Chile, como tantas veces en su historia vive la prueba material y humana de la reconstrucción ante las catástrofes que cada cierto tiempo parecen conmover lo que Benjamín Subercaseaux, describió como su “loca geografía”.
El balance, la percepción nacional del desastre, es suficientemente dramático, pero para los efectos de la responsabilidad y consecuencias políticas, la magnitud del evento no basta para explicar los muertos, los desaparecidos, la destrucción de la infraestructura, las casas y locales comerciales anegados, los vehículos y enseres arrastrados por la fuerza del agua, y las esperanzas y proyectos sepultados literalmente por el lodo.
Pero tras la emergencia viene una compleja etapa en la sociedad, en las localidades afectadas, en las autoridades e instituciones del Estado, en el Gobierno, en el Congreso, de los poderes regionales y locales, en la propia sociedad civil.
Hay una tremenda responsabilidad compartida en la desgracia y sus consecuencias, que no puede quedarse en los dimes y diretes de los funcionarios de Meteorología y de la Onemi, de algunos alcaldes y legisladores deseosos de aprovechar la situación para fines proselitistas.

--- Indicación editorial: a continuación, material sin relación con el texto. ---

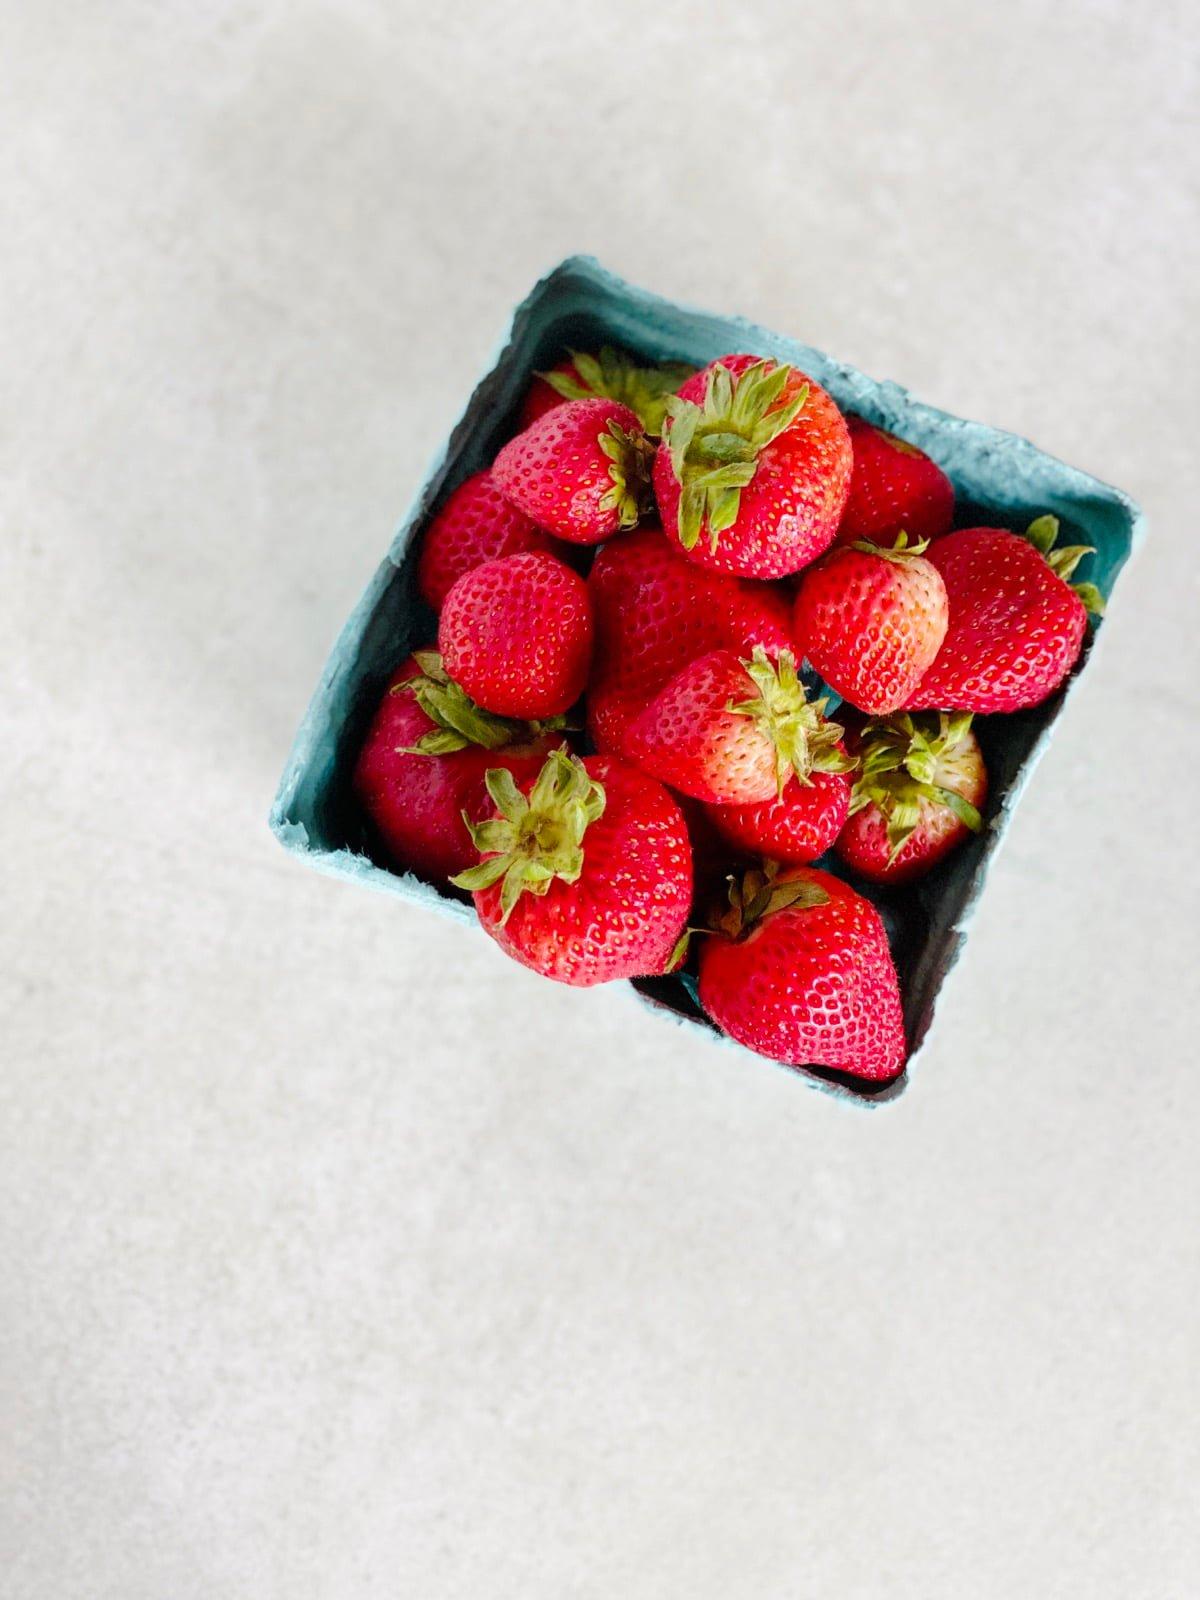 Pint of fresh strawberries

Esta responsabilidad tiene que ver en primer lugar con la vulnerabilidad que presenta el país, en primer lugar respecto de sus ciudadanos, de su infraestructura y de su capital social, humano y material.
Como se ha hecho evidente y pocos han asumido, las emergencias y los desastres tienen un innegable rostro de miseria, de pobreza, de los sectores más desposeídos, lo que conocemos como el pueblo trabajador, los pobladores, los campesinos, los jóvenes sin futuro, lo que hoy llamamos la “tercera edad”, los carenciados.
Esta es la primera vulnerabilidad: la social: la cesantía, salarios indignos, la falta de viviendas dignas y seguras y la destrucción de las fuentes de trabajo y de las unidades económica, una atención sanitaria eficaz y al alcance de todos.
Este no es mucho pedir, dadas las ganancias de las empresas mineras del sector y el robo tributario de empresas como Penta y Soquimich.
Aquí se presentan tareas inmediatas, definidas, urgentes, efectivas.
Pero tampoco se ha hablado de otro aspecto de máxima importancia y prioridad nacional: la vulnerabilidad de la Seguridad Nacional.
La emergencia ha puesto en evidencia aspectos que afectan la seguridad y la defensa del país, al destruir caminos y puentes, al arrastrar los aludes centros administrativos, instalaciones, al colapsar comunicaciones y redes eléctricas.
Con seguridad las Fuerzas Armadas, la policía uniformada de Carabineros, que resguarda las fronteras en primera línea, e Investigaciones, han cumplido, junto a su eficiente y abnegada labor diaria en el enfrentamiento de algunas consecuencias inmediatas de la emergencia, con sus tareas esenciales.
Pero el país tiene derecho a tener certezas.
Pero también está el problema central de todo, la evidencia objetiva de la falta de una doctrina nacional, regional, y local, la carencia de una red de estaciones y fuerzas de reacción inmediata, y de técnica adecuada (helicópteros, aviones de transporte, carros todoterreno aerotransportables, fuerza de paracaidistas para instalar equipos y una primera ayuda en lugares de difícil acceso terrestre, etc).
Ya no podemos seguir hablando de una Onemi meramente Coordinadora de instancias que muestran más bien vocación sectorial -por decirlo de manera suave- y se resisten a un mando que debe actuar en momentos de crisis, con la debida autonomía y los recursos necesarios.
No buscamos una militarización de la emergencia, sino de una autoridad política superior, ministerial – un Ministerio de Emergencia y Situaciones de Desastre- que en un país como el nuestro debe tener una jerarquía a nivel del Ministerio del Interior y de Defensa.
La presente discusión actual en comisiones del Senado después de 4 años de ser presentado el proyecto que establece un Sistema Nacional de Emergencia y Protección Civil, y que ha tenido 18 urgencias, las que después han sido retiradas, constata en primer lugar la irresponsabilidad imperante al respecto.
Y parece, además impresentable que haya sido necesario un desastre como este, que afectó a tres regiones del norte del país, con un saldo provisorio de 23 muertos, 57 desaparecidos y 22 mil 381 damnificados, para estimular la sensibilidad de los Senadores.
Pero además su articulado resulta claramente insuficiente y como lo confirma su texto no apunta a soluciones de fondo apareciendo como lo más relevante la creación de un Comité de Ministros de Emergencia y la creación de la figura de Jefe de Emergencia.
Por Marcel Garces. Periodista y Director de Crónica Digital.